Таблица 45. Состав исключенных из Вятской губернской организации РКП(б) в ходе переписи 1921 г.[1906]



Таблица 46. Партийный стаж коммунистов Урала в 1920 г. (%).[1907]



Таблица 47. Удельный вес вступивших в партию в Оренбургской губернской организации РКП(б) на 1922 г. (%).[1908]



Цифровые сведения о партийном стаже уральских коммунистов отражают, если можно так выразиться, динамику приспособленчества. До конца 1918 г. интенсивность вступления в партию на Урале соответствовала среднероссийскому показателю. В период господства в большей части региона антибольшевистских режимов приток в ее ряды резко снизился. Зато в последние месяцы 1919 г., сразу после закрепления на Урале «красных», прием в партию пошел полным ходом, значительно превышая средние показатели.
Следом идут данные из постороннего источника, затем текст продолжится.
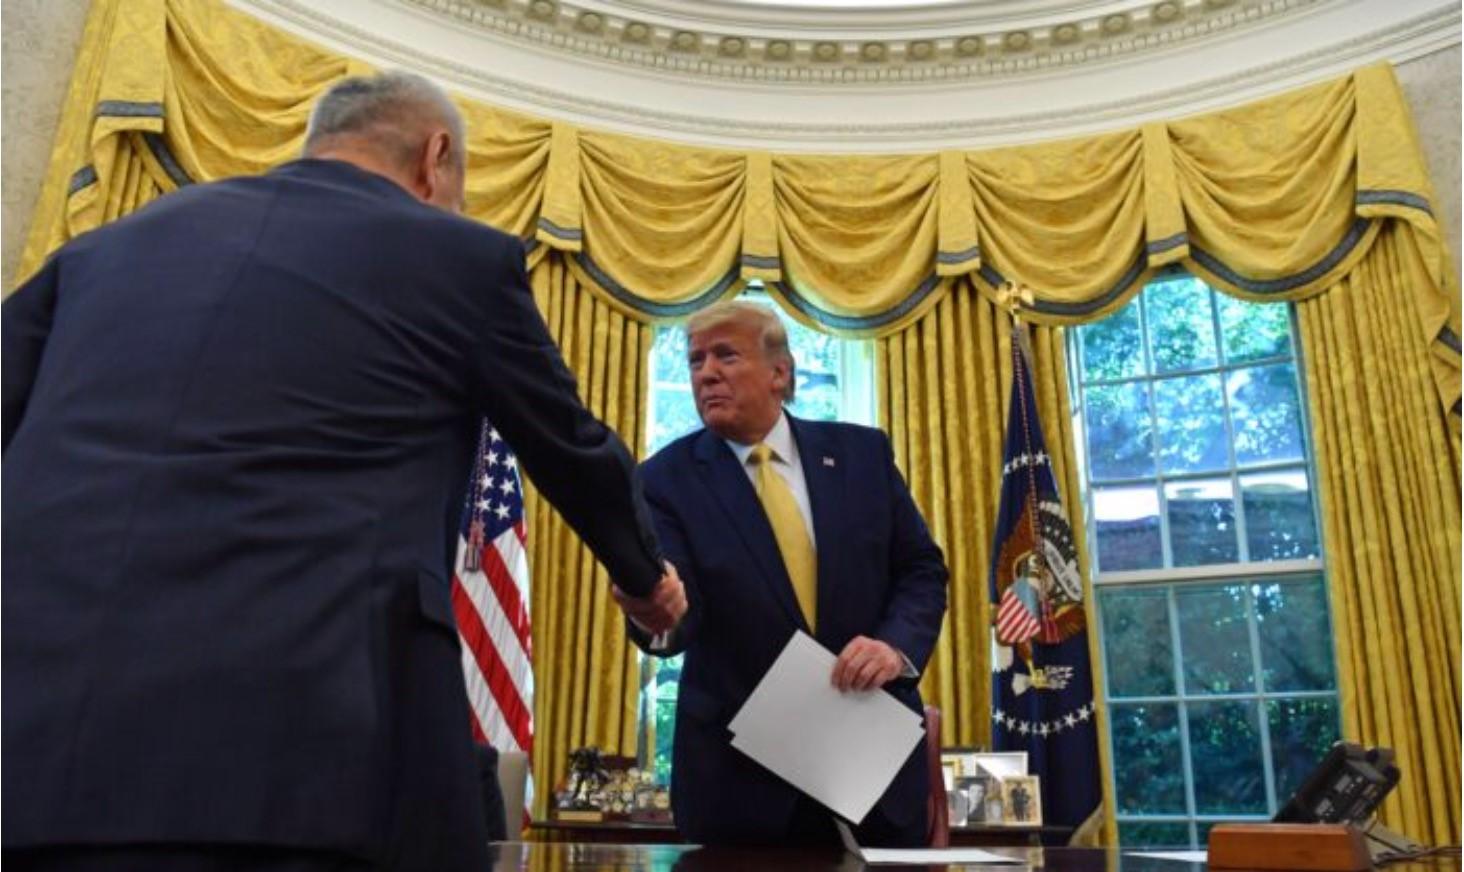 10月11日,在美國將要就人權法投票前夕,中美在華盛頓達成了有限的貿易協定。(Nicholas Kamm / AFP via Getty Images)

Любопытно, что это не наблюдалось в Вятской губернии, где власть в губернском центре не менялась и, следовательно, государственные структуры были более или менее укомплектованы. Напротив, в екатеринбургской и челябинской губернских партийных организациях, где удельный вес вступивших в партию в январе-августе 1919 г. был минимален, пополнение последних четырех месяцев года превышало половину. Именно в это время проводились партийные недели массового приема в РКП(б), которыми только в Вятской, Екатеринбургской, Пермской и Уфимской губерниях воспользовались более 40 тыс. человек.[1909] Совпадение времени активного вступления в партию коммунистов и интенсивного строительства советского государственного аппарата прослеживается и по материалам Оренбуржья, где пик притока в РКП(б) представителей всех социальных групп, кроме крестьянства, пришелся на 1919 г., запоздав в сельской местности на год (табл. 47).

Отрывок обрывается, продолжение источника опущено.